The scheme formalised over the years. Families paid ₹10 annually, then ₹35, then ₹600. By 2024, it covered nearly four lakh individuals. It remains one of the oldest community health insurance models in India, studied and cited by researchers and policymakers. It began in a bullock cart. Manimala was in it.
Confidante, Counsellor, Conscience
Her relationship with Dr. Sushila Nayar was the central professional bond of both their lives. It was built on deep mutual trust and — crucially — on Manimala’s willingness to speak plainly. She told Dr. Nayar what she thought, even when it was not what Dr. Nayar wanted to hear. In an institution whose director commanded considerable authority, this was not a small thing.
It was Manimala who, in 1964, traveled to Delhi with Dr. Anant Ranade and refused to leave until Dr. Nayar agreed to return to Sevagram and lead the newly forming Kasturba Health Society. “You must not refuse to help,” she told her. It was characteristic — direct, urgent, entirely in the service of something larger than either of them.
As Dr. Nayar’s health declined in her final years, Manimala’s presence became an anchor. When Dr. Nayar died on January 3, 2001, Manimala was among those who had known her longest and most completely.
What She Carried
Her daughter Bithika never forgave the separation. She grew up resenting Gandhi and Sevagram for taking her mother away during her earliest years — a wound understandable to anyone who thinks about it honestly. She chose to remain a homemaker, keeping her distance from the world her mother had inhabited. But Manimala’s two granddaughters — Prabhati Lahiri, MGIMS batch of 1983, and Deepika Lahiri, batch of 1990 — both became doctors, both received their degrees from the institution their grandmother had helped build. Something passed across the generation that had withheld it.

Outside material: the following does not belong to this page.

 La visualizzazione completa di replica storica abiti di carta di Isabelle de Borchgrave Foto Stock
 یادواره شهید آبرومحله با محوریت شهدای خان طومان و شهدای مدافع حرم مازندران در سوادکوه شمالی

Manimala spent seventeen years in Sevagram after stepping down as Secretary in 1988, living in Guru Nanak Colony among the doctors and staff who were her family. She was twice nominated for the Jamnalal Bajaj Foundation Award for lifetime achievement. She was present at the deaths of colleagues she had worked alongside for decades.
She died on February 26, 2002, at home in Guru Nanak Colony. Nearly all of Sevagram and the surrounding villages came to pay their respects. She was buried among the people she had served.
Two years earlier, almost to the day, Dr. Sushila Nayar had died. The two women had arrived in Sevagram within months of each other, both in their twenties, both drawn by Gandhi’s vision, both without any clear understanding of where it would take them. They had built something that neither could have built alone. They left within two years of each other, as if the institution they had created was finally strong enough to stand without them.